◆ Directions for this task ◆
Excluding images, repeat the data exactly as given.

◆ Information supplied ◆

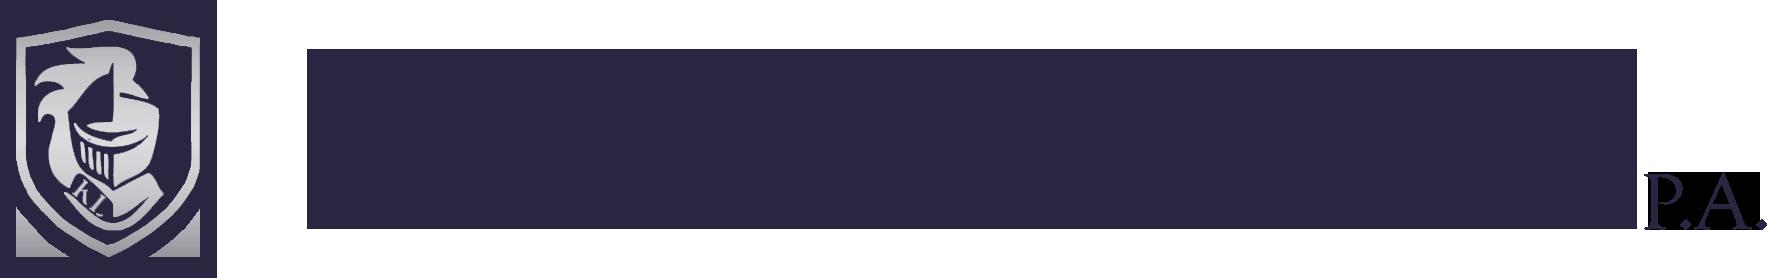 Knight Law P.A. Logo
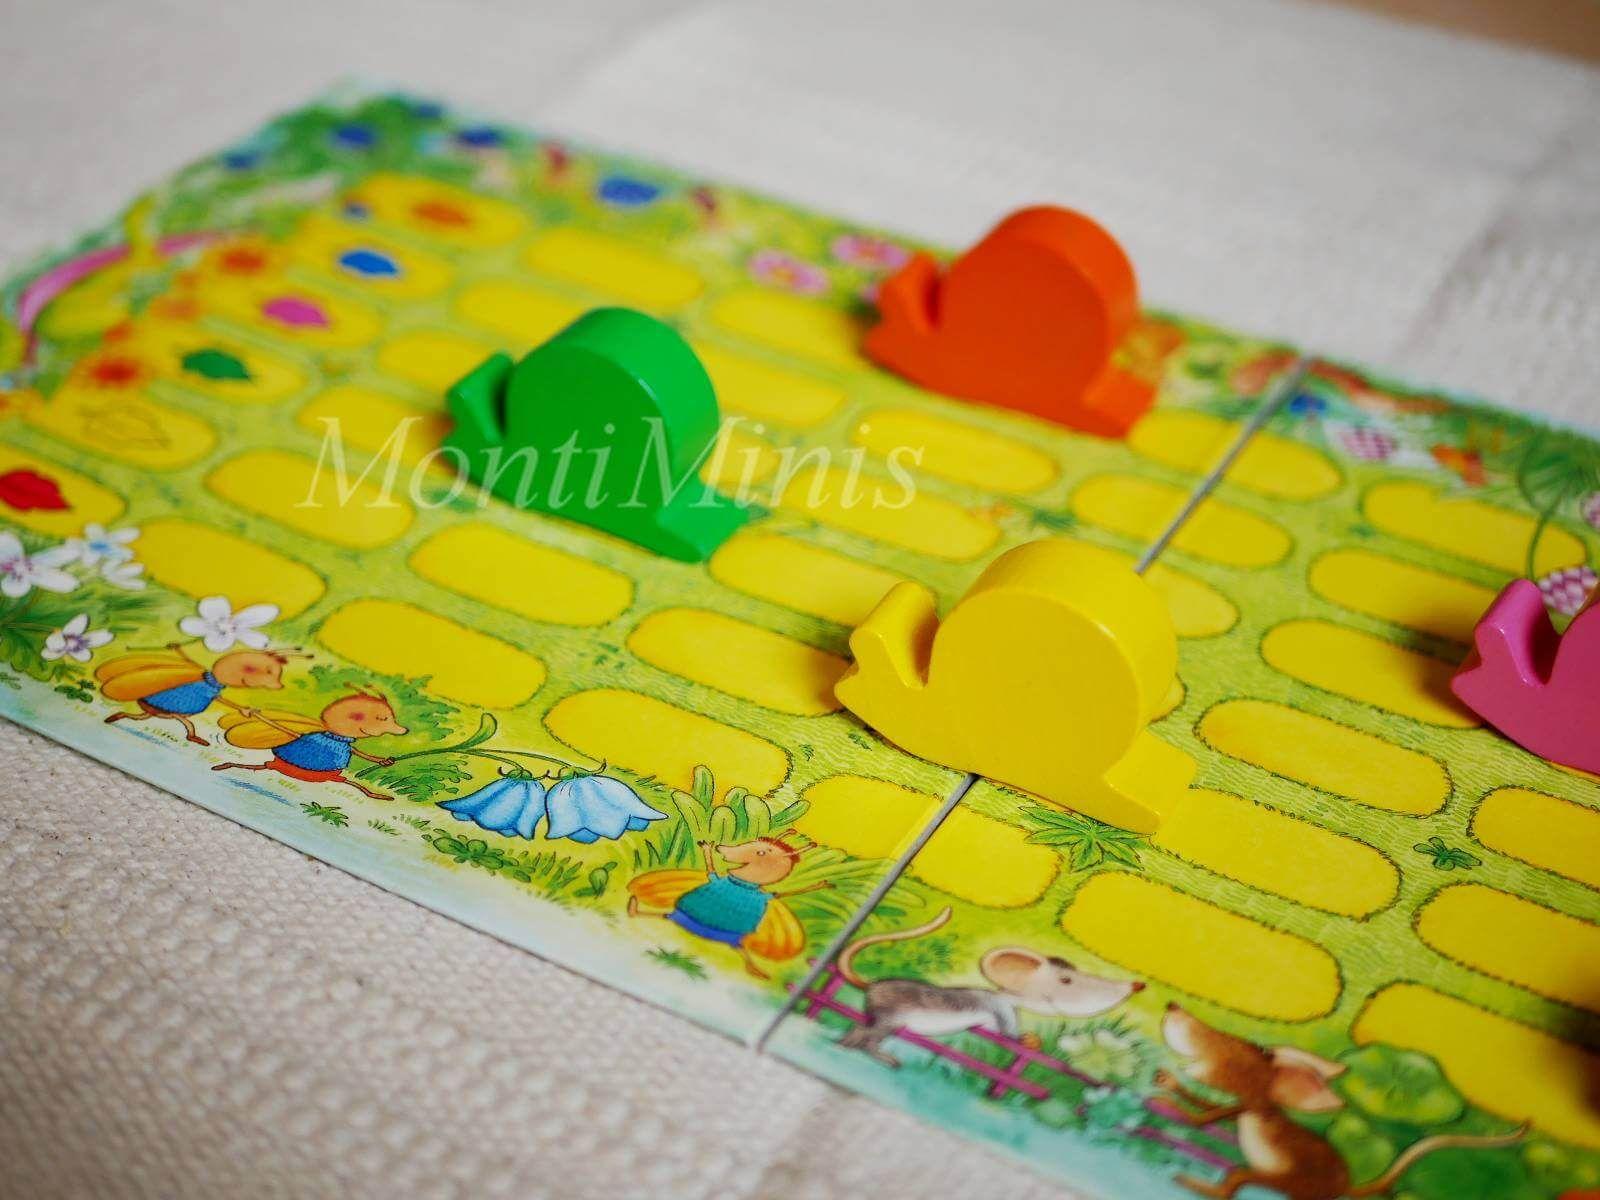 Kooperative Spiele für Kinder – wir spielen gemeinsam als Team
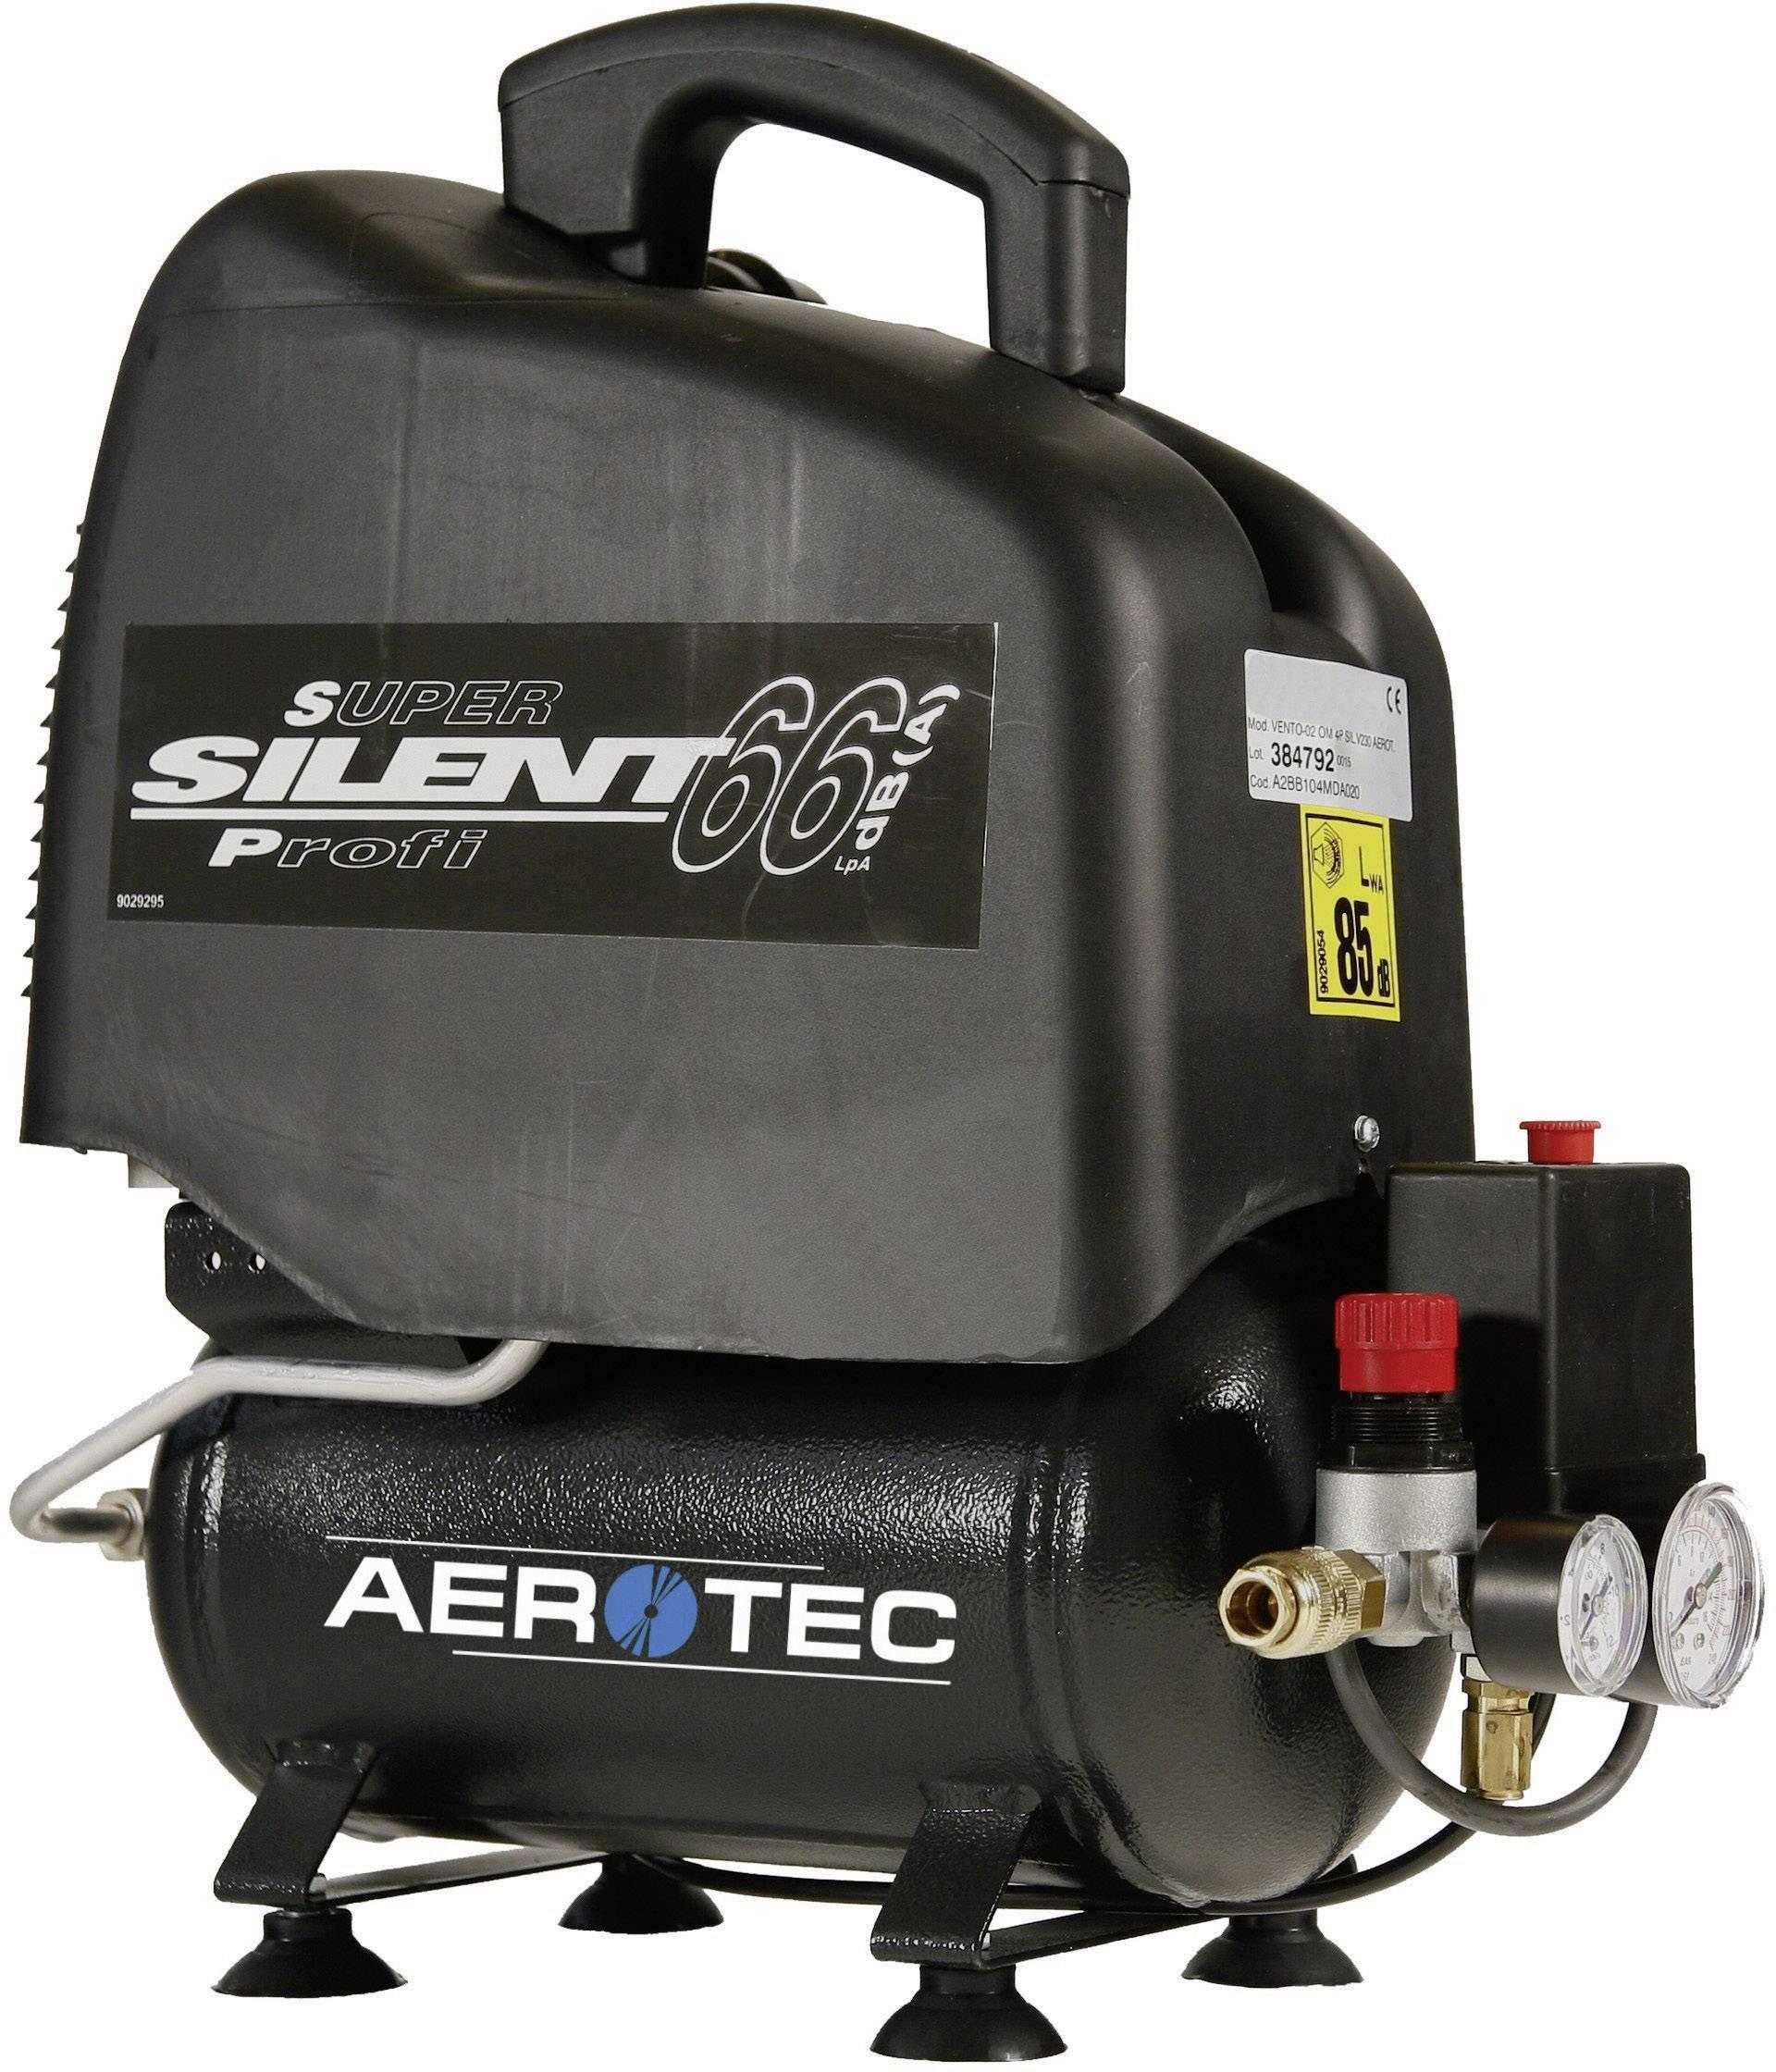 Přenosný pístový kompresor Aerotec Vento Silent 6 2005210, objem tlak. nádoby 6 l

◆ Solution for this task ◆
 Knight Law P.A. Logo
 Kooperative Spiele für Kinder – wir spielen gemeinsam als Team
 Přenosný pístový kompresor Aerotec Vento Silent 6 2005210, objem tlak. nádoby 6 l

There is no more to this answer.